A 64 bit unsigned integer with values ranging from 0 to 18,446,744,073,709,551,615.

Extends

  • CircuitValue

Constructors

new UInt64(x)

new UInt64(x: 
| string
| number
| bigint
| FieldVar
| UInt64
| UInt32): UInt64

Create a UInt64. The max value of a UInt64 is 2^64 - 1 = UInt64.MAXINT().

Warning: Cannot overflow, an error is thrown if the result is greater than UInt64.MAXINT()

Parameters

x: | string | number | bigint | FieldVar | UInt64 | UInt32

Returns

UInt64

Overrides

CircuitValue.constructor

Source

lib/provable/int.ts:38

Properties

value

value: Field;

Source

lib/provable/int.ts:29


NUM_BITS

static NUM_BITS: number = 64;

Source

lib/provable/int.ts:30


Unsafe

static Unsafe: {
fromField: UInt64;
};

fromField()

Create a UInt64 from a Field without constraining its range.
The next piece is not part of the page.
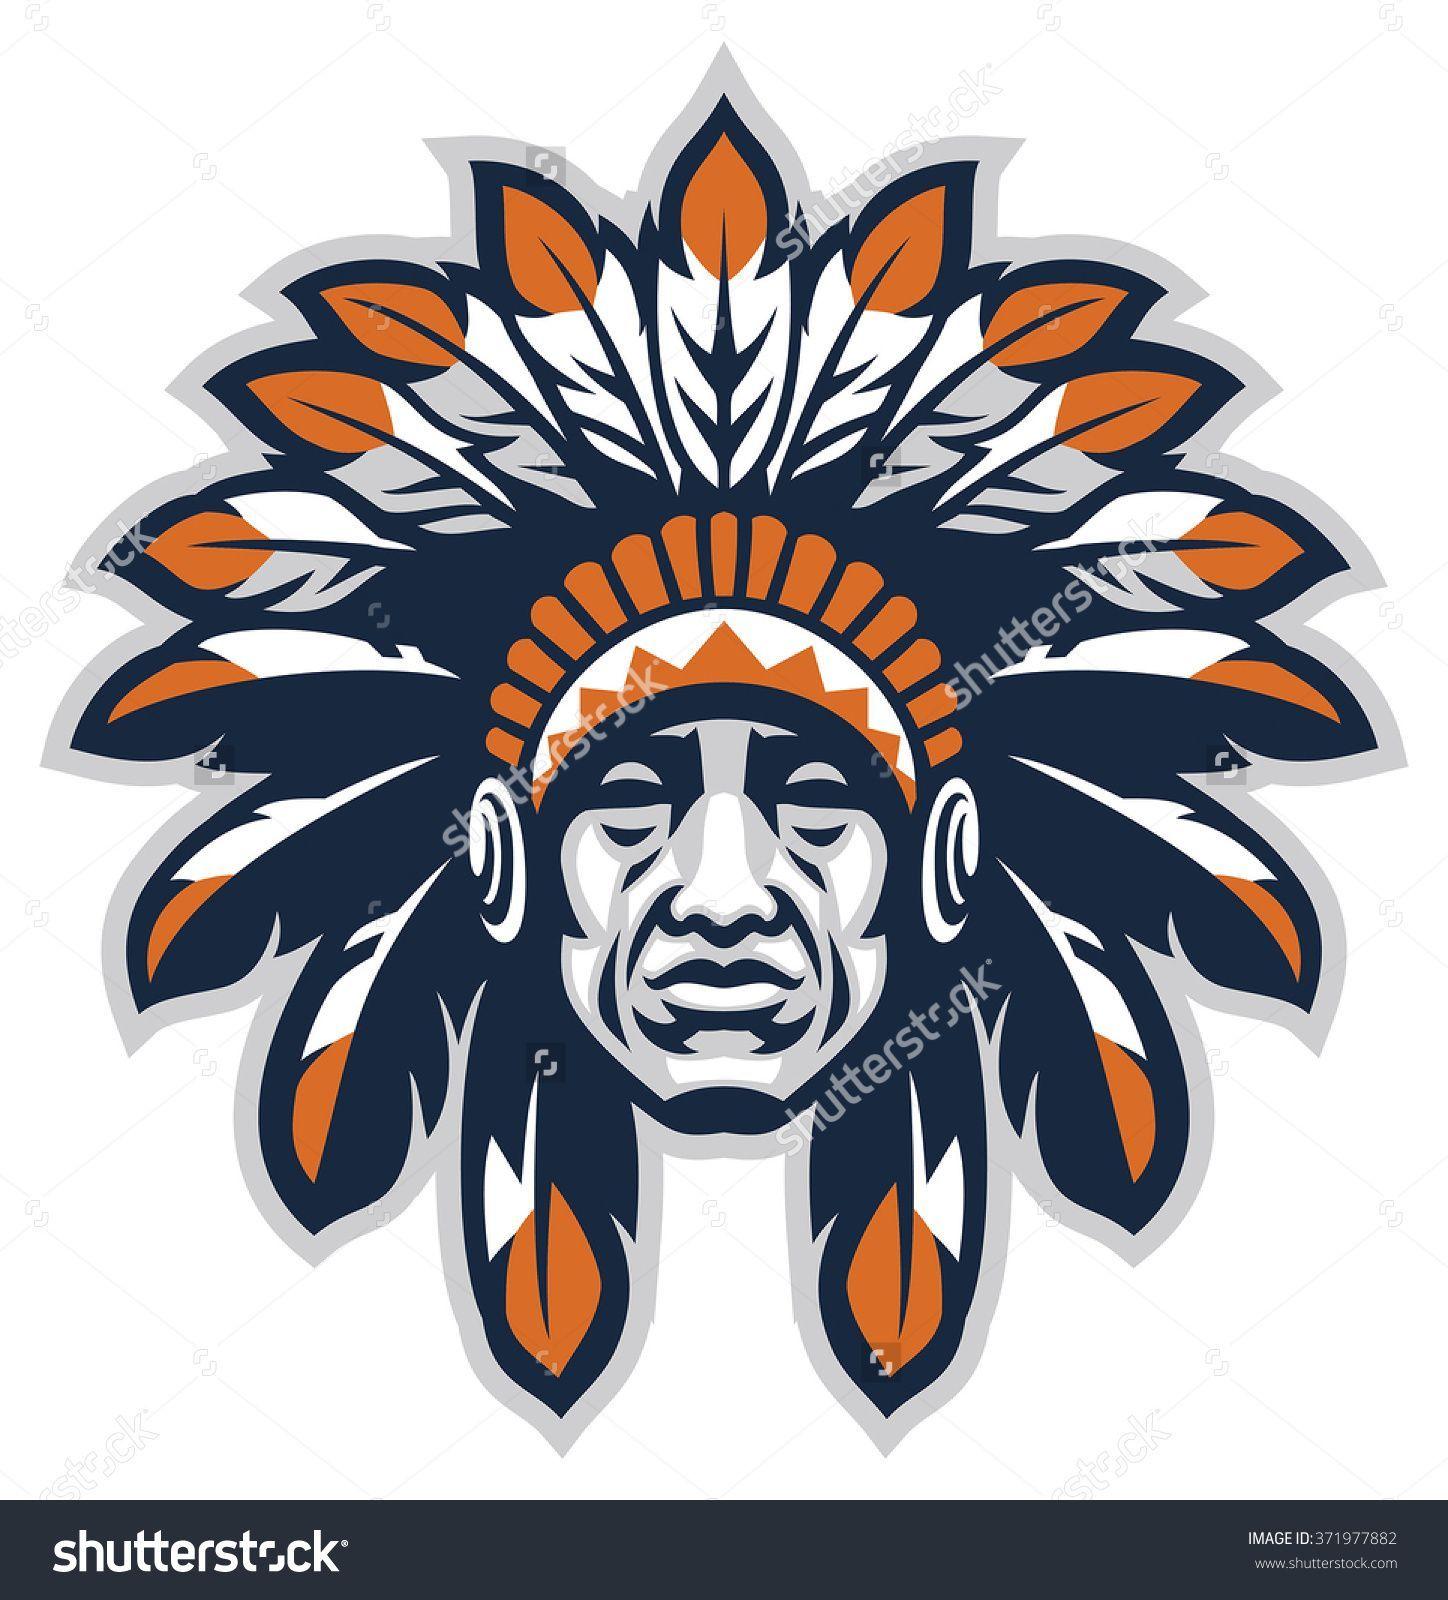 Indeian Cool Logo - Indian head mascot. Projects to try. Logo design, Mascot design, Logos
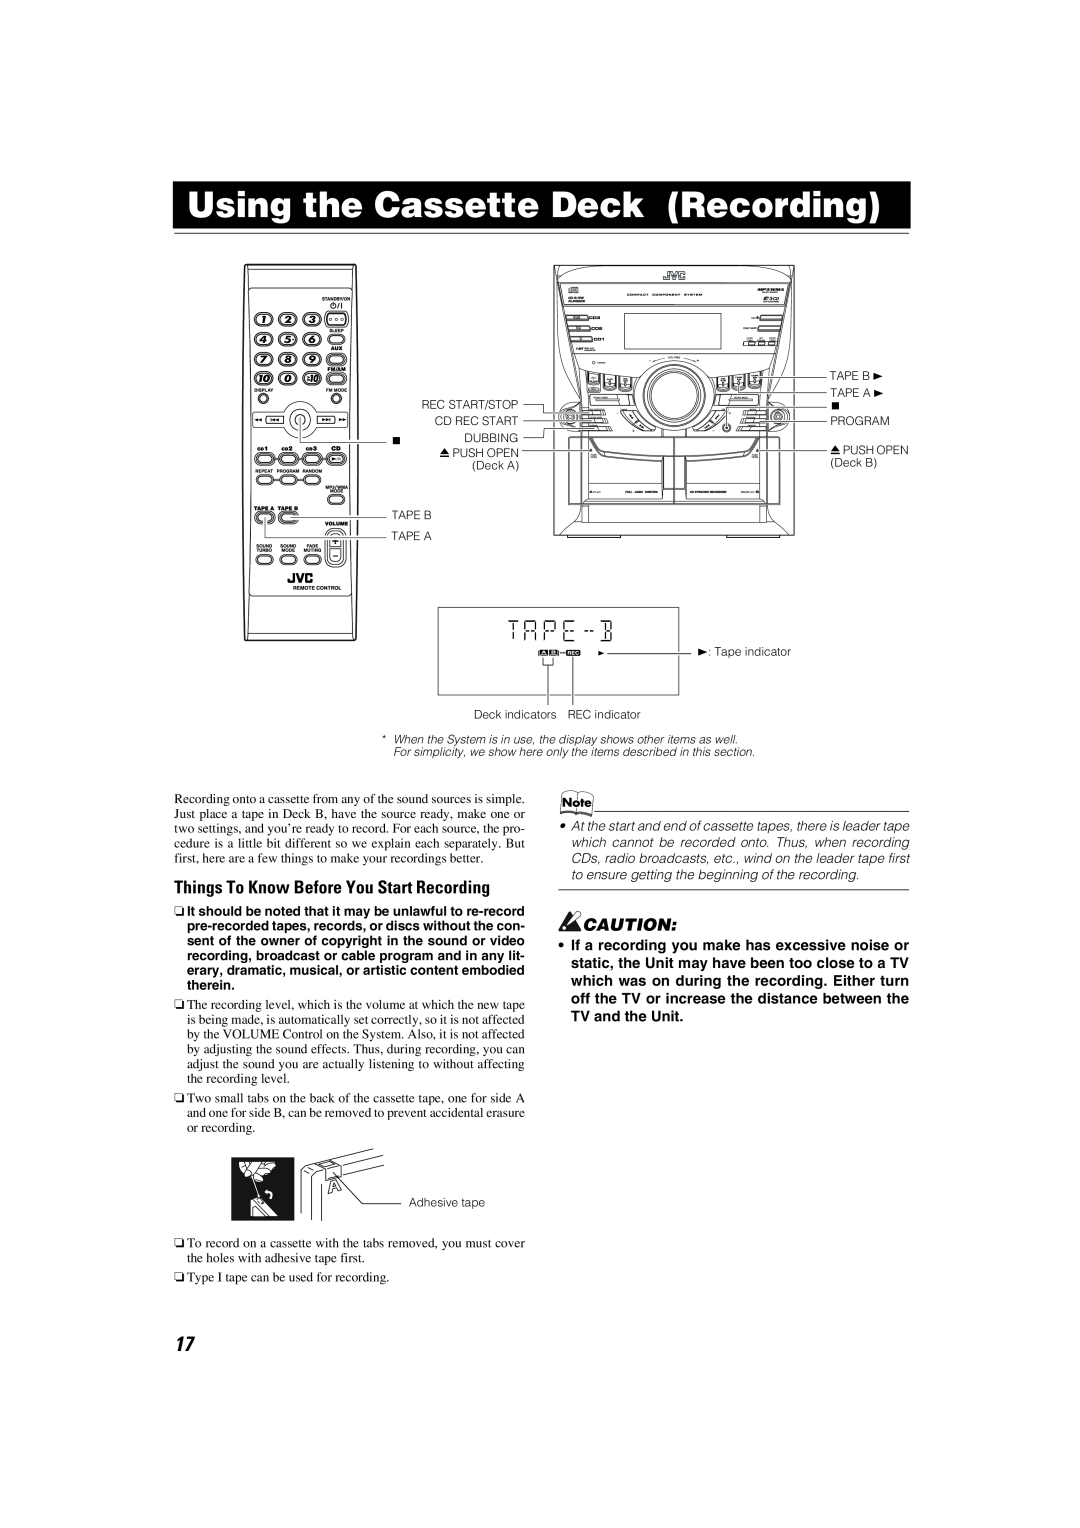 JVC MX-KC45 manual Using the Cassette Deck Recording, Things To Know Before You Start Recording

Warning: This is unsafe, because it does not prove that the input Field actually fits in 64 bits.\ Only use this if you know what you are doing, otherwise use the safe UInt64.from.

Parameters

x: Field

Returns

UInt64

Source

lib/provable/int.ts:46

Accessors

one

get static one(): UInt64

Static method to create a UInt64 with value 1.

Returns

UInt64

Source

lib/provable/int.ts:67


zero

get static zero(): UInt64

Static method to create a UInt64 with value 0.

Returns

UInt64

Source

lib/provable/int.ts:61

Methods

add()

add(y: number | UInt64): UInt64

Addition with overflow checking.

Parameters

y: number | UInt64

Returns

UInt64

Source

lib/provable/int.ts:232


and()

and(x: UInt64): UInt64

Bitwise AND gadget on UInt64 elements. Equivalent to the bitwise AND & operator in JavaScript. The AND gate works by comparing two bits and returning 1 if both bits are 1, and 0 otherwise.

It can be checked by a double generic gate that verifies the following relationship between the values below.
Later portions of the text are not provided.